= Problem to work on =
Look below for the line holding "The influence of" and the line holding "نقد سریال کره ای تاریخی عاشقانه". Repeat those two and everything between, exactly.

= Extracted information =
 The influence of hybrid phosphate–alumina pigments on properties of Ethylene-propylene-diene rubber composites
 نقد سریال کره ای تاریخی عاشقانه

...

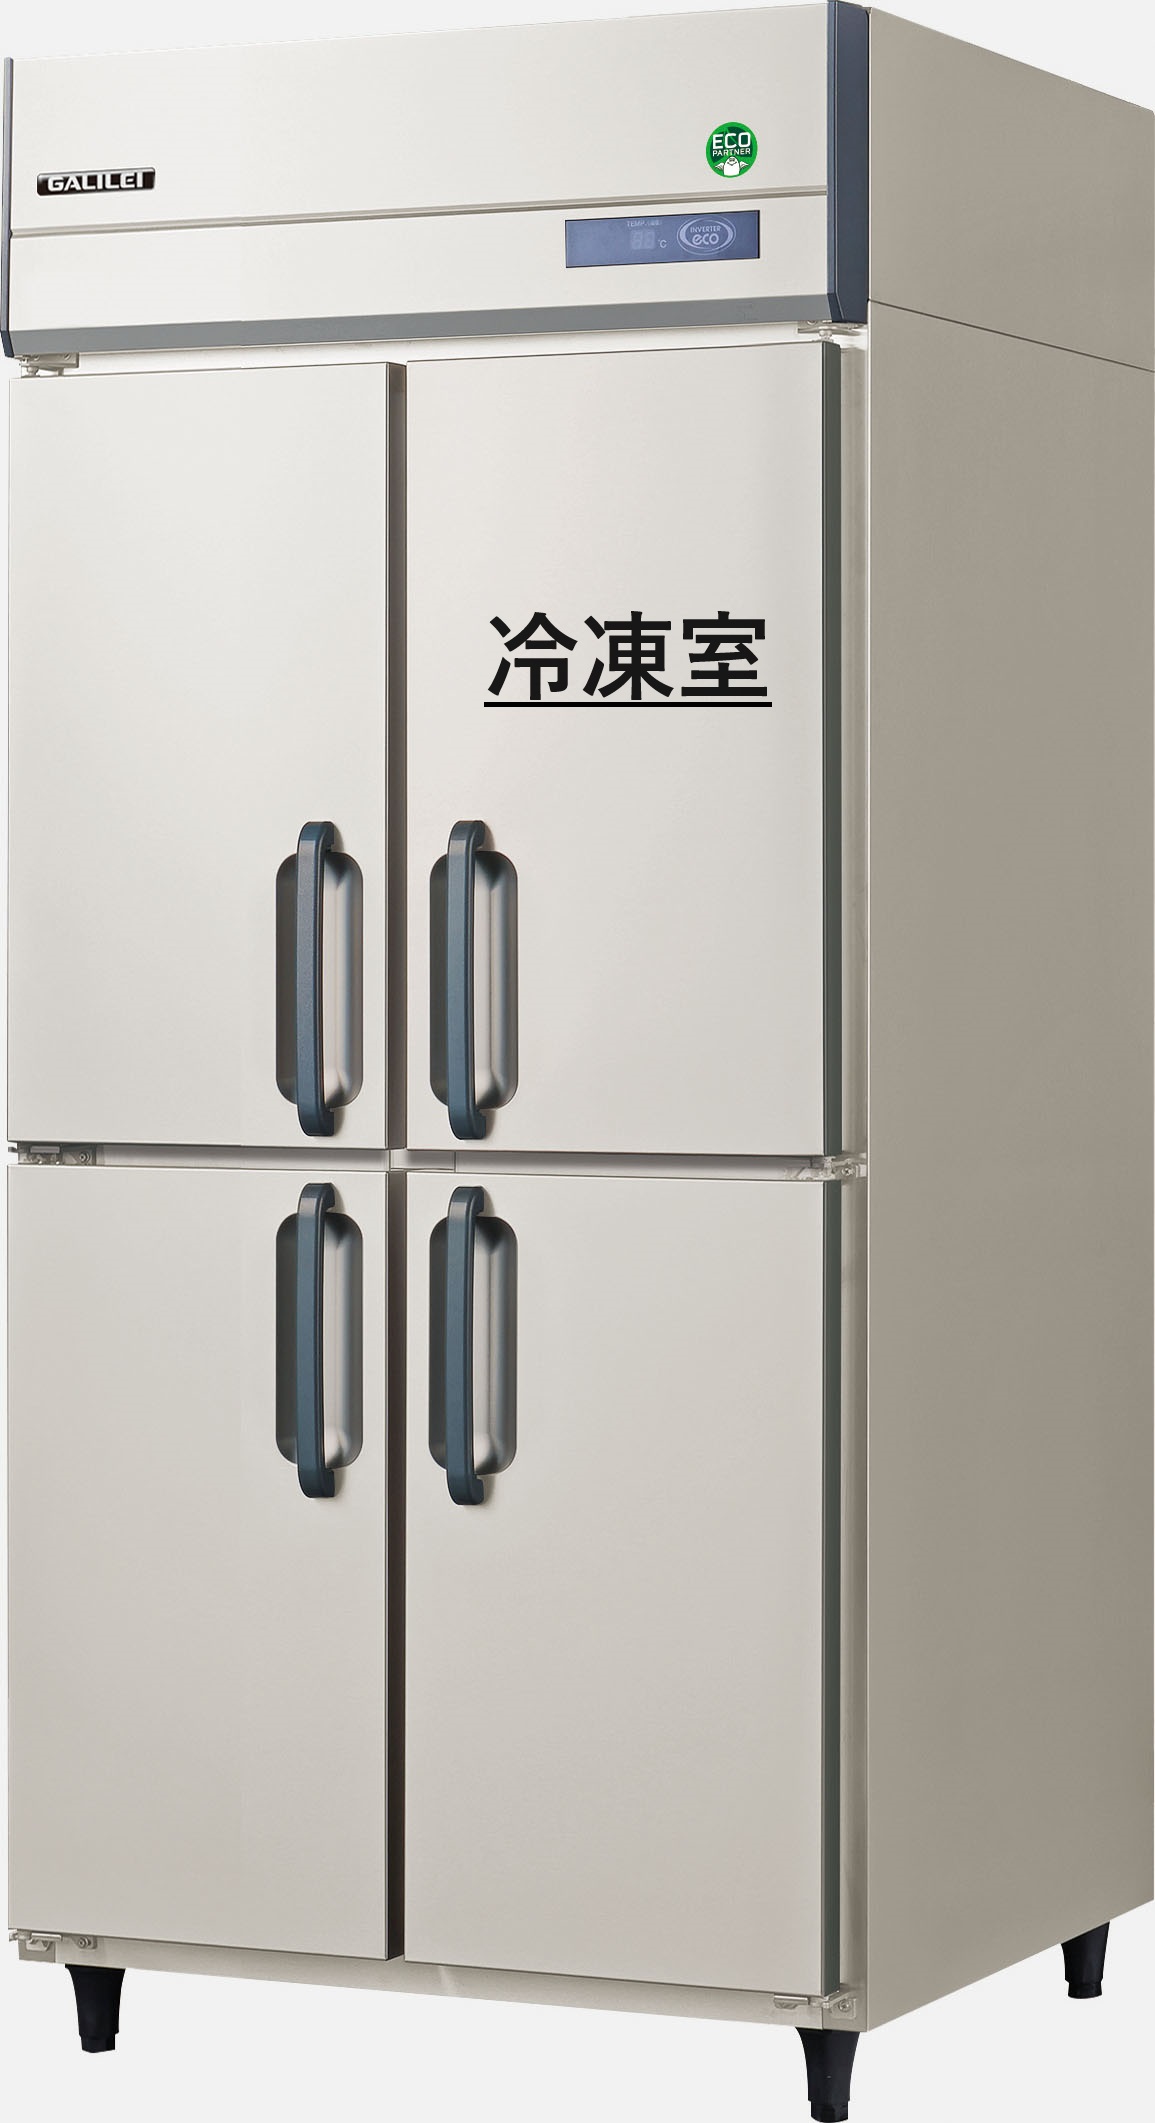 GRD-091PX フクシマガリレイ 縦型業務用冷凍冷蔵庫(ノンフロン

= Exercise result =
 The influence of hybrid phosphate–alumina pigments on properties of Ethylene-propylene-diene rubber composites
 نقد سریال کره ای تاریخی عاشقانه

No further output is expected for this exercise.